Im Jahr 1996 gewann Idriss Déby die ersten mehr oder weniger demokratischen Präsidentschaftswahlen. Die freie Wahl des Parlaments im darauf folgenden Jahr soll ein wenig fairer abgelaufen sein. Keinen Afrikakenner überraschte es besonders, als Idriss Déby auch die Wahlen des Jahres 2001 gewann; und danach habe er eine positive Wandlung durchgemacht, die vielleicht, so unsere Mutmaßung, von seinen Herzproblemen her rühren könnte. Es scheint jedoch eher einfach nur eine weitere Taktik des bisher ungeniert agierenden Machtmenschen zu sein.

Wie auch immer.

Der gute oder nicht so gute Präsident gewann auch seine dritte Wahl im Juli 2004, nachdem zuvor in einem Referendum festgestellt wurde, dass er auch noch eine weitere Periode Präsident sein könne.
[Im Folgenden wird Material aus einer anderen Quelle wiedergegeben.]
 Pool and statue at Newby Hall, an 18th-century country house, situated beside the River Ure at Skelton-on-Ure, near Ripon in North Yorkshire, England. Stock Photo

Ein Mitglied der Präsidentenfamilie fand dies wohl nicht ganz so toll und versuchte zwei Monate vor der Wahl zu putschen – andere wollen schließlich auch mal abkassieren ... Der Putschist kassierte angeblich statt einer Kugel zwei Koffer voller Geld und verließ das Land ohne Rückflugticket ins vergoldete Exil.
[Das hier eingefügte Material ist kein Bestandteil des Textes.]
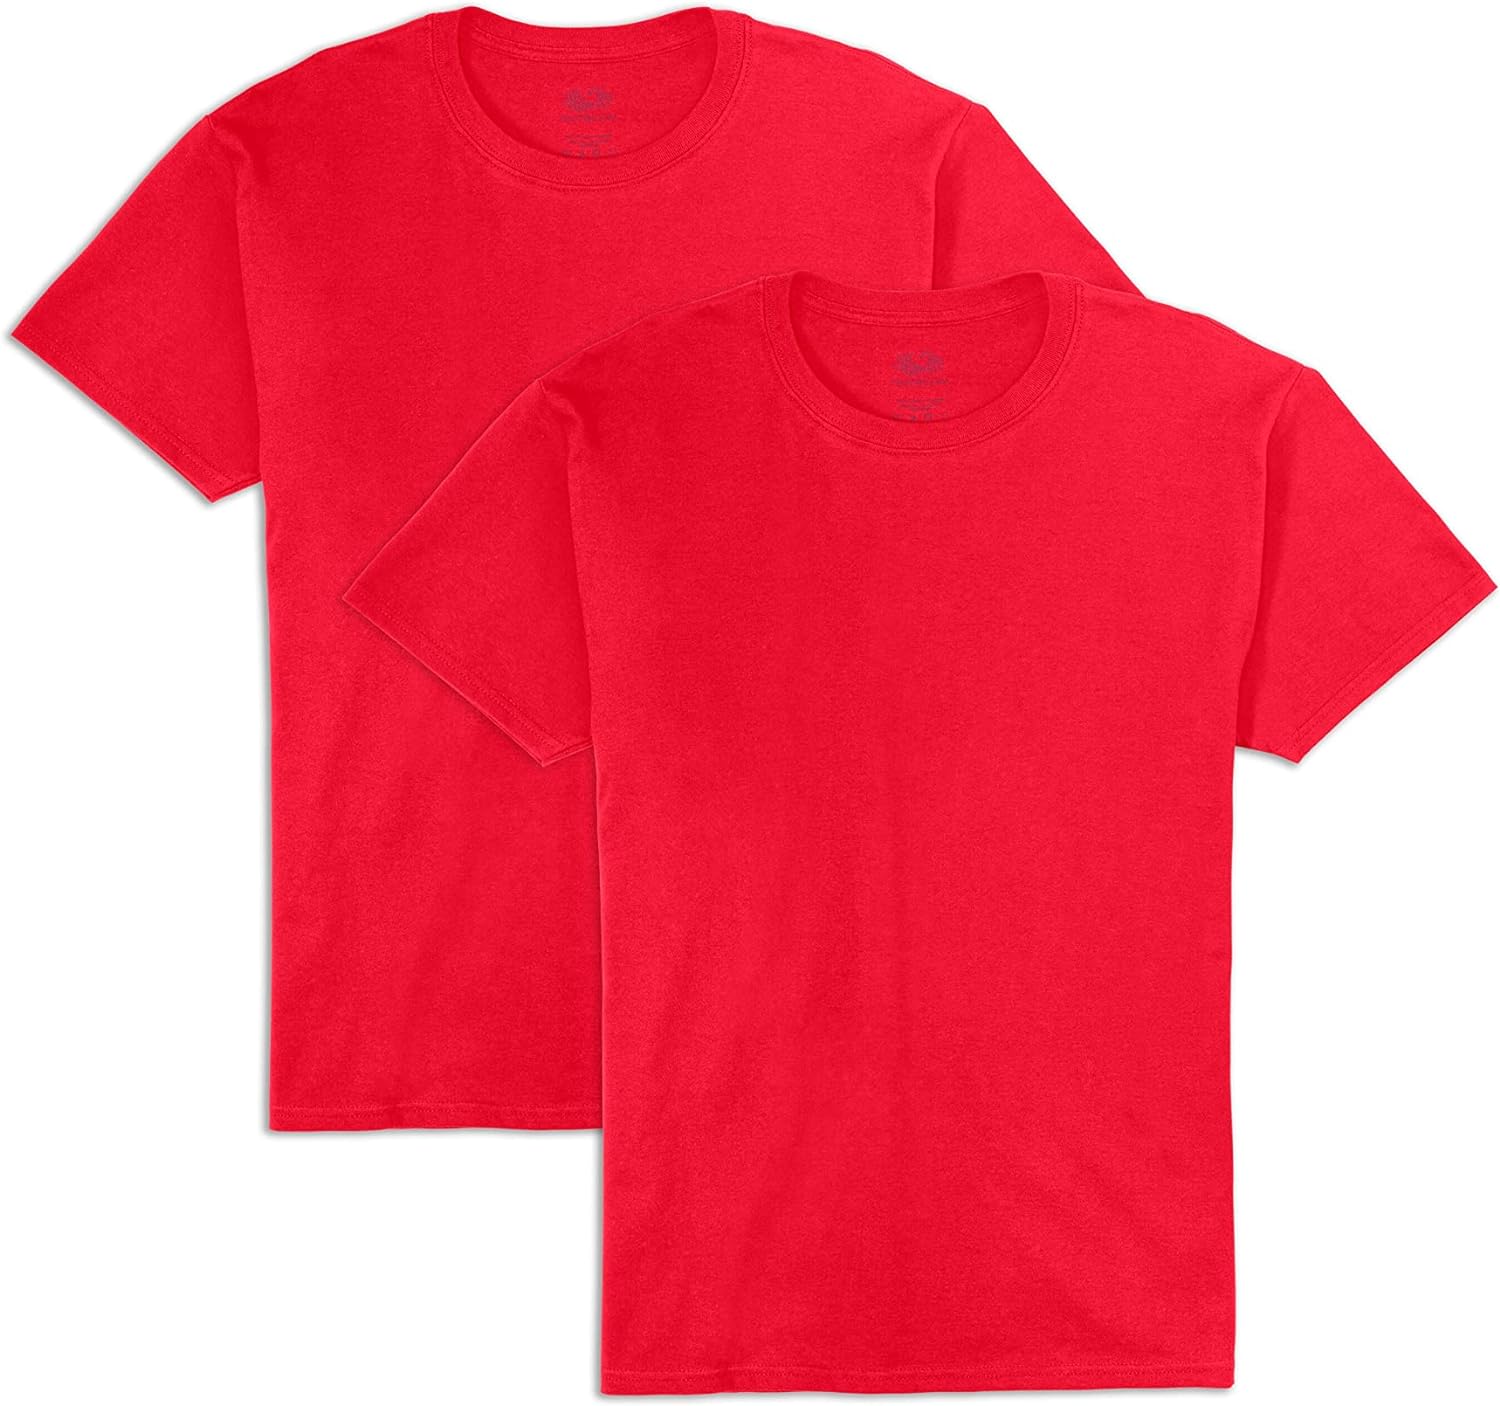 Fruit of the Loom Men' Eversoft Cotton T Shirts, Breathable & Moisture Wicking with Odor Control, Sizes S-4x

Tatsache ist, Präsident Déby hat seit letztem Jahr im Land gewaltig aufgeräumt und versucht nun, sein Volk zu vereinen.

»Um die wankende Macht zu behalten«, wird man uns in N’Djamena hinter vorgehaltener Hand zuflüstern.

Polizei, Gendarmerie, Militär, Zoll und andere Staatsorgane sind, wie wir zumindest festgestellt haben, an Korrektheit derzeit kaum zu übertreffen. Wir hören jedoch auch andere Geschichten. Eines hat sich jedoch verbessert, darüber herrscht Einigkeit: Vor einem Jahr waren noch überall Polizei- und Militärposten, vor denen man sich in Acht nehmen musste, doch jetzt sind die Beamten in der Regel so friedlich wie Antilopen, denn es ist Schluss mit den Unsitten der Vergangenheit! Wandlungen vollziehen sich in Afrika meist schnell, die Positiven, genauso wie die Negativen. Hat sich Idriss Déby tatsächlich gewandelt oder handelt er nur notgedrungen und wird er mit dem neuen Ölreichtum etwas für die Bevölkerung des Landes tun?
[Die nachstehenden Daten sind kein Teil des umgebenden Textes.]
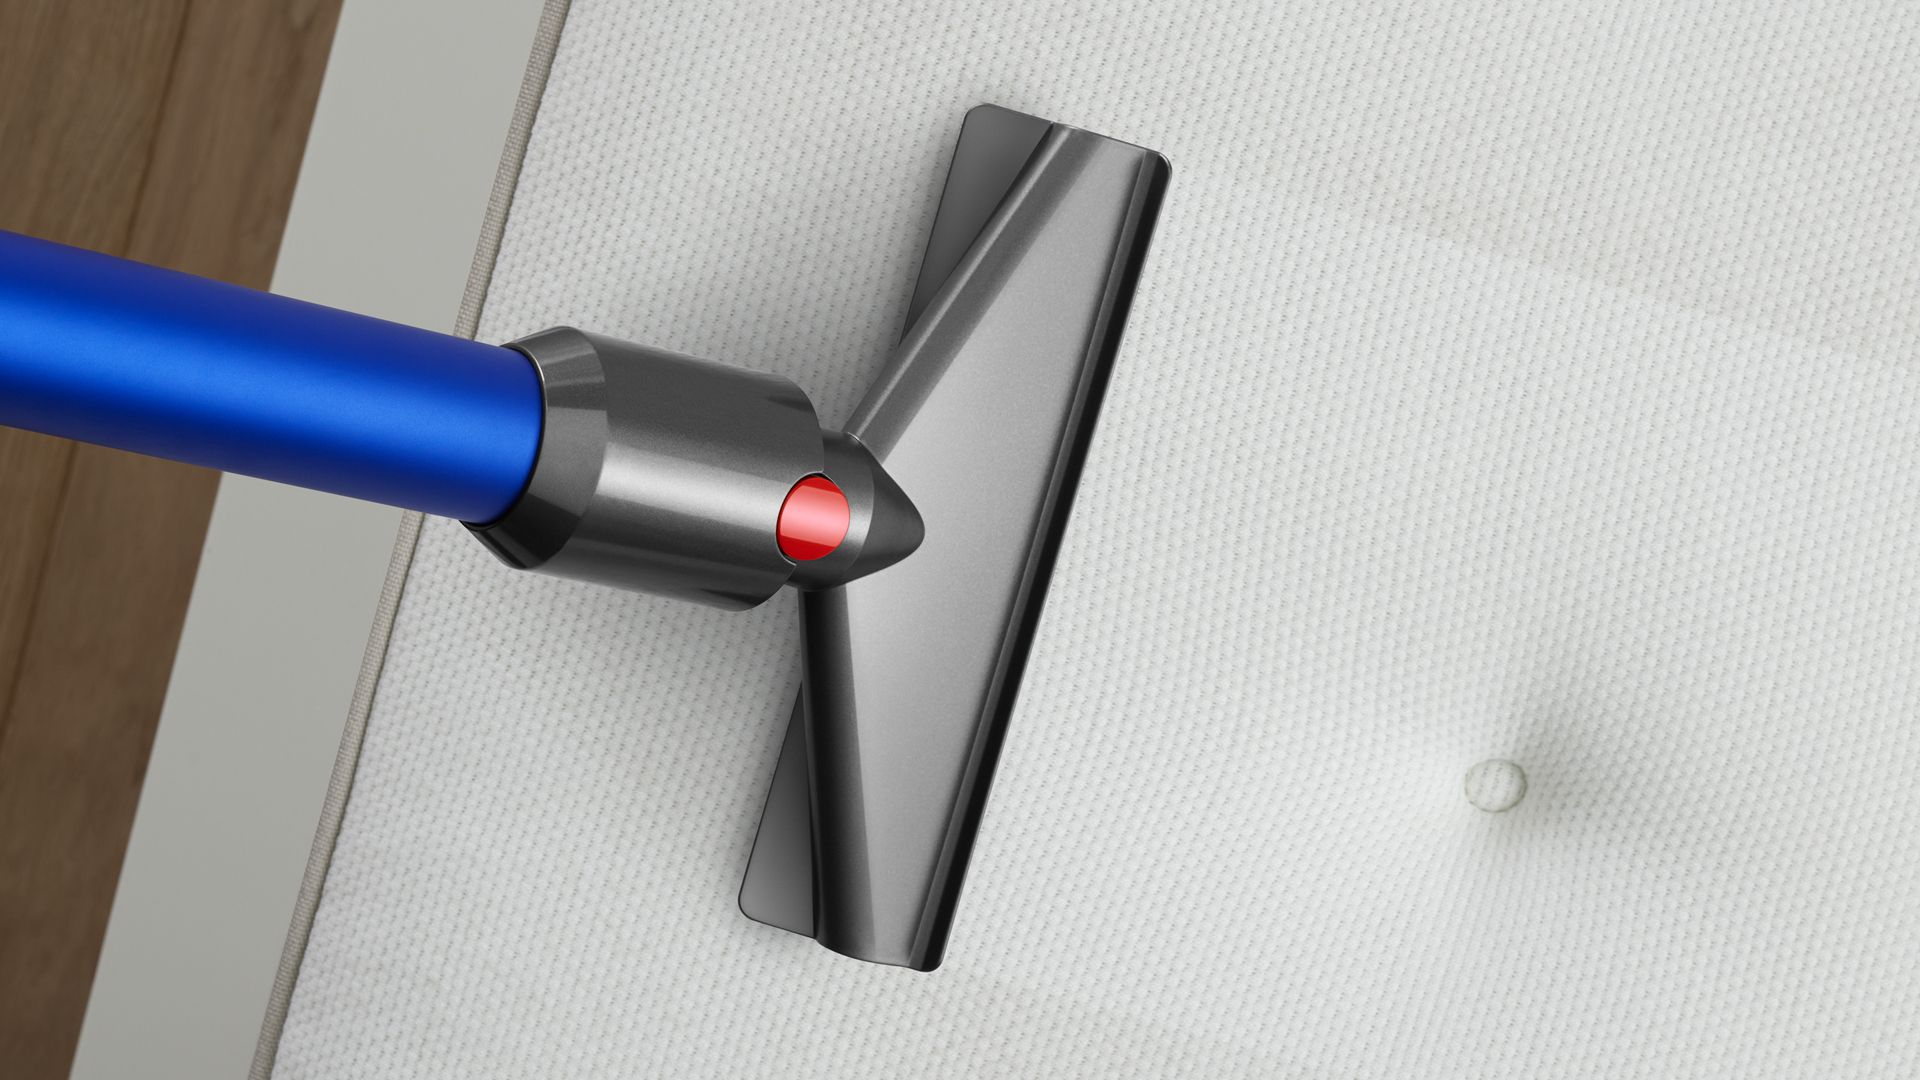 dyson quick release mattress tool review

Leider wird auch über zwei Jahre später kaum etwas von den Petrodollars für die Bevölkerung übrig bleiben. Es ist immer das gleiche alte Spiel im neuen Gewand. Doch es geht noch besser, denn das Leben schreibt oft bühnenreife Dramen mit skurrilen Untertönen. Im Frühjahr 2006 wird die per Vertrag verpflichtete Schutzmacht Frankreich Präsident Déby, ihren afrikanischen Lieblingsherrscher, vor dem Sturz bewahren, denn es befindet sich immerhin der wichtigste französische militärische Stützpunkt Afrikas in diesem an Öl und auch Uran so reichen Land.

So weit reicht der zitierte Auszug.